Les trajectoires technologiques et, surtout, la définition du design dominant dépendent fortement du dynamisme des acteurs de l’industrie (producteurs, usagers, fournisseurs, associations, gouvernements). Chaque acteur construit sa propre vision de la technologie ou bien son propre cadre technologique. Ces acteurs développent aussi des cadres de référence pour différentier la nouvelle technologique de celles déjà adoptées. Ce cadre leur permet de comprendre comment la technologie peut être utilisée et de définir des paramètres d’évaluation (Acha, 2004). Les cadres technologiques peuvent varier d’un joueur à l’autre et leur définition dépend du contexte de chaque joueur incluant ses expériences passées ou l’influence des

associations dont il fait partie (Kaplan et Henderson, 2005). Kaplan et Tripsas (2008) ont proposé un modèle cognitif pour expliquer l’influence des différents cadres de référence technologique sur l’évolution des technologies. Dans l’ère de fermentation, les variations sont les résultats de la non-conciliation de différents cadres de référence. Chaque joueur a sa propre appréciation de la technologie et des besoins à accomplir. Une conciliation entre ces différents cadres est établie afin d’atteindre un cadre collectif. Ainsi, l’industrie atteint un design dominant. Les changements incrémentaux sur ce design proviennent de la liaison entre le cadre de référence collectif de l’industrie et la structure de chaque organisation. La Figure 2-4 montre le modèle d’influences des cadres technologiques sur la trajectoire technologique.

Figure 2-4: Le modèle cognitif de la trajectoire des technologies (Kaplas et Tripsas, 2008)

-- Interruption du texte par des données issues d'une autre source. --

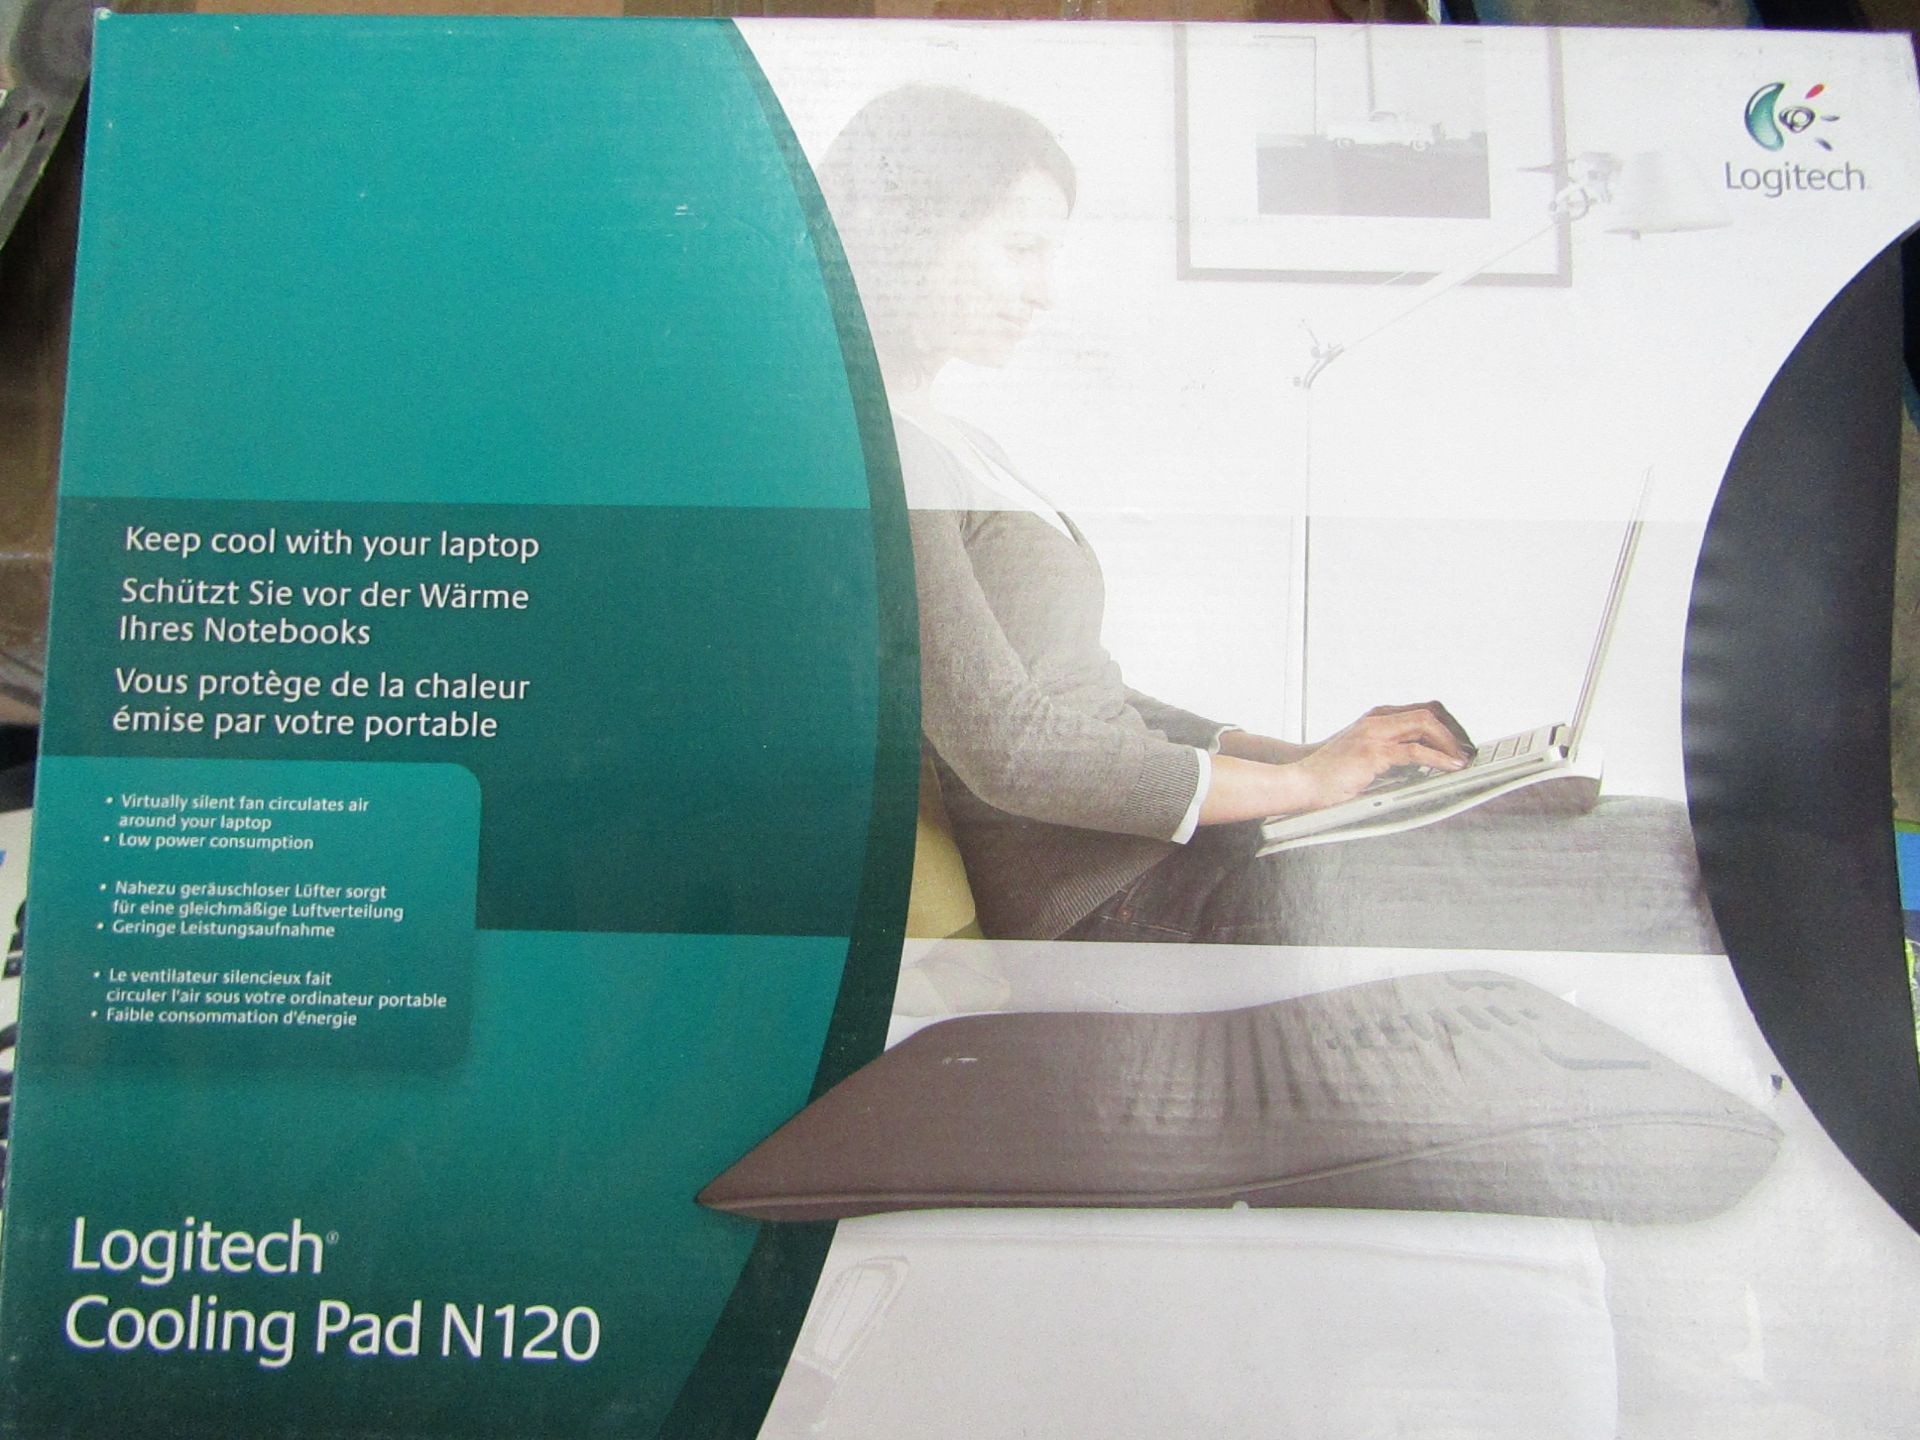 Logitech, Cooling pad N120, Boxed and tested working

Ce modèle cognitif tient compte de différents niveaux décisionnels entre les acteurs de l’industrie (usagers, producteurs, distributeurs, hôpitaux, associations) qui interagissent entre eux afin de définir un cadre collectif (1). La définition d’un consensus peut être longue et conflictuelle car elle va dépendre des backgrounds de chaque acteur et du degré d’incertitude de la technologie. Le cadre collectif est construit et diffusé pendant l’ère de fermentation pour être ensuite consolidé à la naissance du design dominant. Pendant l’ère des modifications incrémentales, le cadre collectif est structuré en fonction du progrès technologique et, finalement, il est éliminé dès l’apparition d’une rupture technologique. Les cadres technologiques individuels ont une influence sur la trajectoire technologique. En fonction de ces cadres, les acteurs vont influencer l’investissement et le développement de la technologie (3). Le progrès de la compréhension de la technologie va dépendre des actions entreprises par les différents acteurs de l’industrie. Réciproquement, la maturité de la technologie va permettre de diminuer le degré d’incertitude

des différents groupes décisionnels de l’industrie (4). L’interaction réciproque entre les cadres individuels et le cadre collectif ainsi qu’avec la trajectoire technologique permet de résoudre le paradigme des cadres technologiques compétitifs et des solutions technologiques compétitives (1+2+3+4). En effet, la trajectoire technologique finit par avoir une influence sur le cadre collectif.